【新・兜町INSIDE】公的年金が新運用枠?GPIF理事長に一家言あり

2017.01.11

 公的年金を運用する年金積立金管理運用独立行政法人(GPIF)が6日、報道関係者を対象に懇談会を開く。懇談会では、高橋則広理事長が運用動向を説明するとあって、市場関係者の注目を集めそうだ。

 投資家の関心が最も強いのはESG(環境・社会・企業統治)投資。地球環境への配慮や社会貢献、株主本位の統治体制の観点で銘柄を選定する投資スタイルで、欧州を中心に急速に広まりつつある。
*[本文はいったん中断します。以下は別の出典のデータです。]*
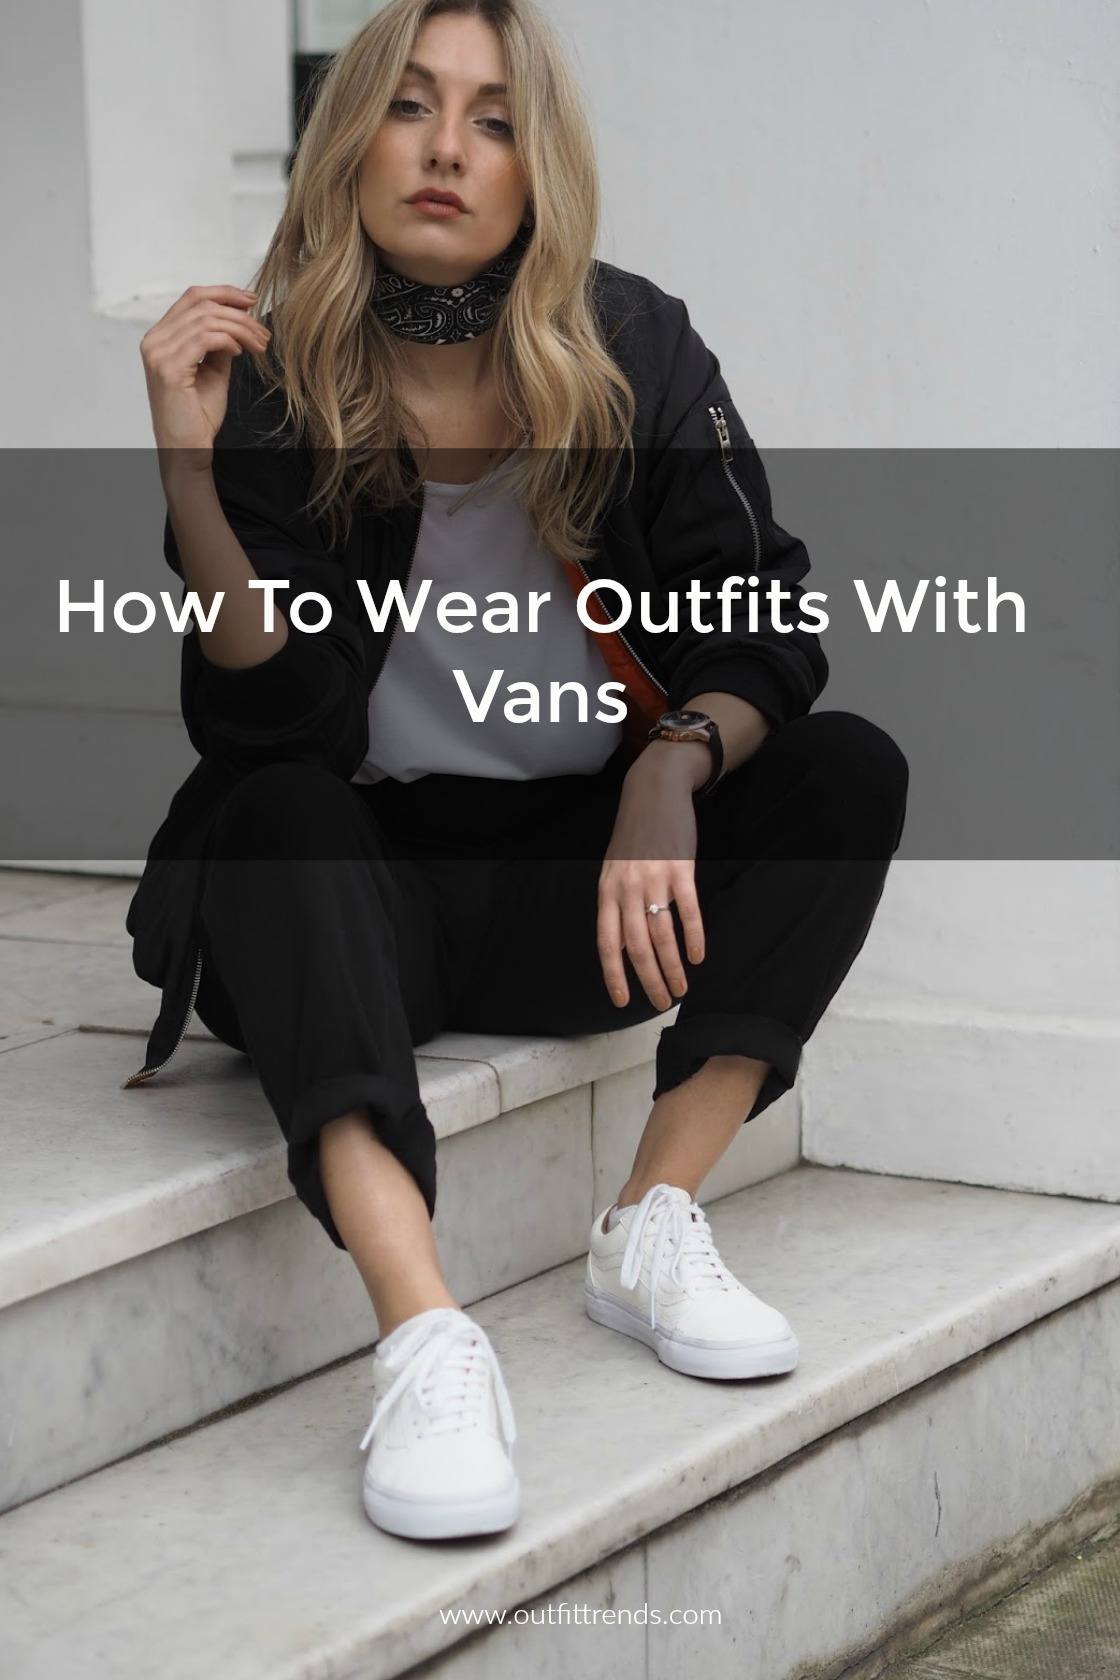 Women’s Outfits with Vans-30 Outfits to Wear with Vans Shoes
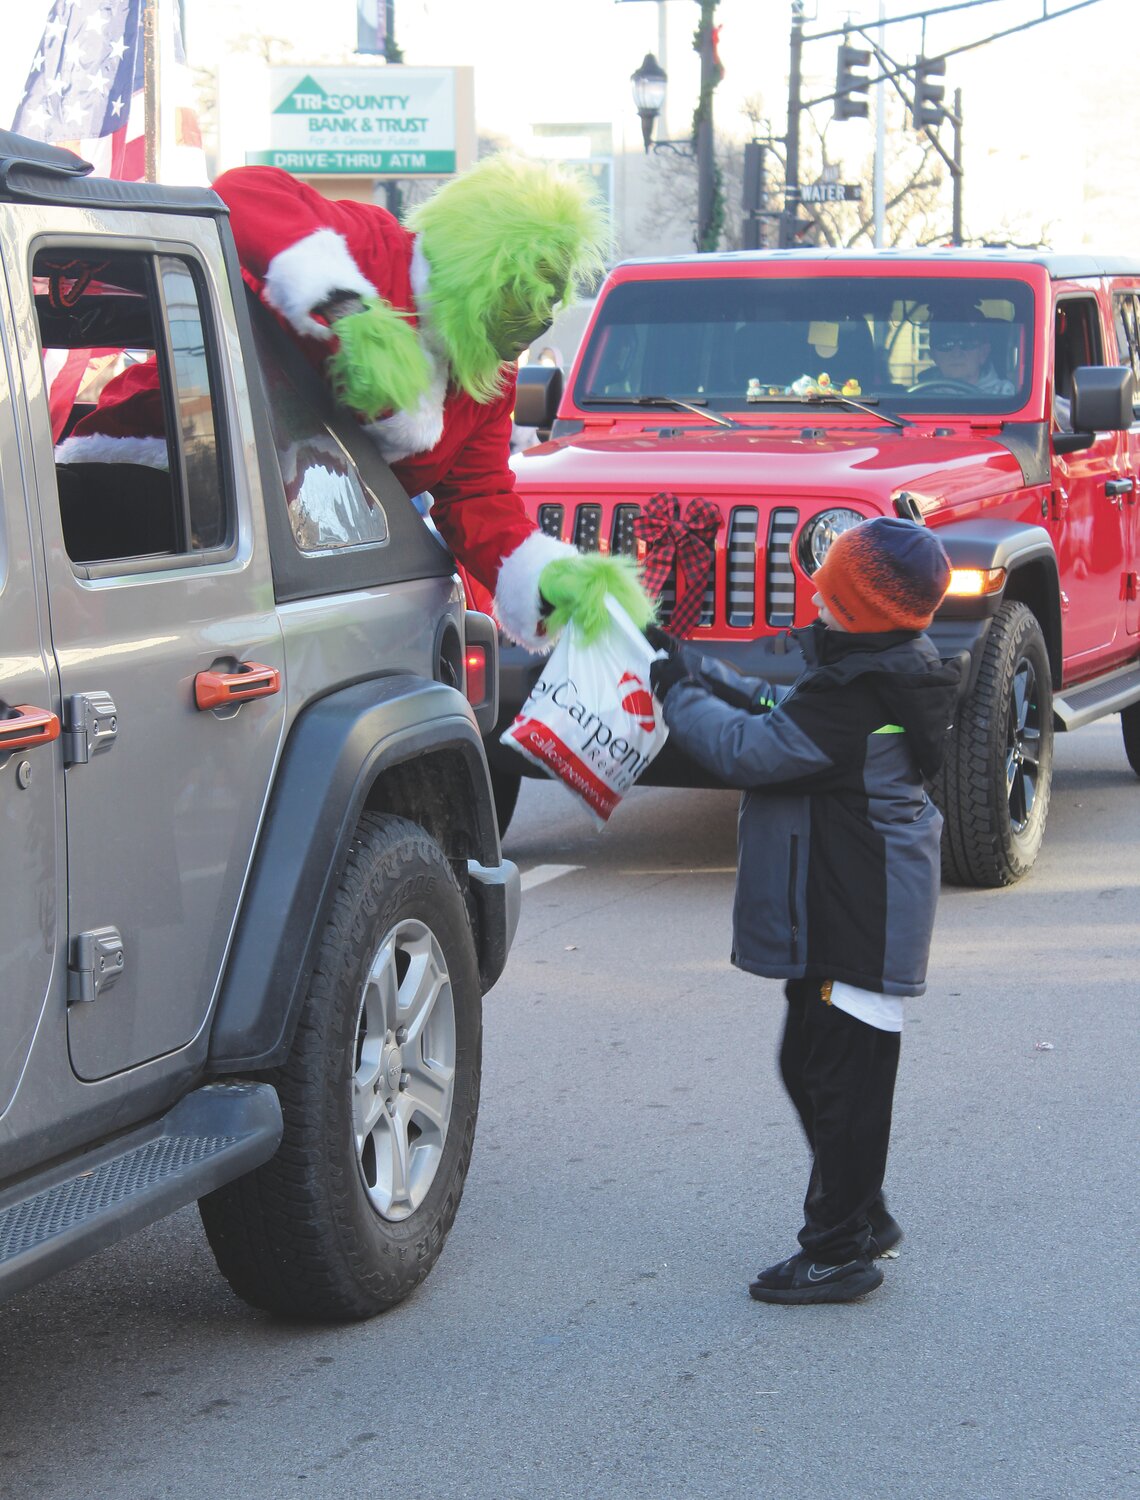 The Grinch makes a grab at a boy’s candy bag, but was unsuccessful in snatching the treats.

 高橋理事長は昨年、ESGを推進する国連責任投資原則協会の理事に就任したことから、気の早い兜町の住人たちは、「GPIFはESG投資用の運用枠設定に動く」との見方も出ている。

 一方、GPIFを管轄する厚生労働省内では、現行3カ月ごとの運用状況開示を、半年か1年ごとに改める意見がくすぶっている。右肩上がりの株高と円安・ドル高でもない限り、四半期ベースで運用成績がマイナスに陥ることは避けられないが、実際には含み損が出ると厳しく批判されるためだ。懇談会では高橋理事長から、愚痴の一つも出てくるかもしれない。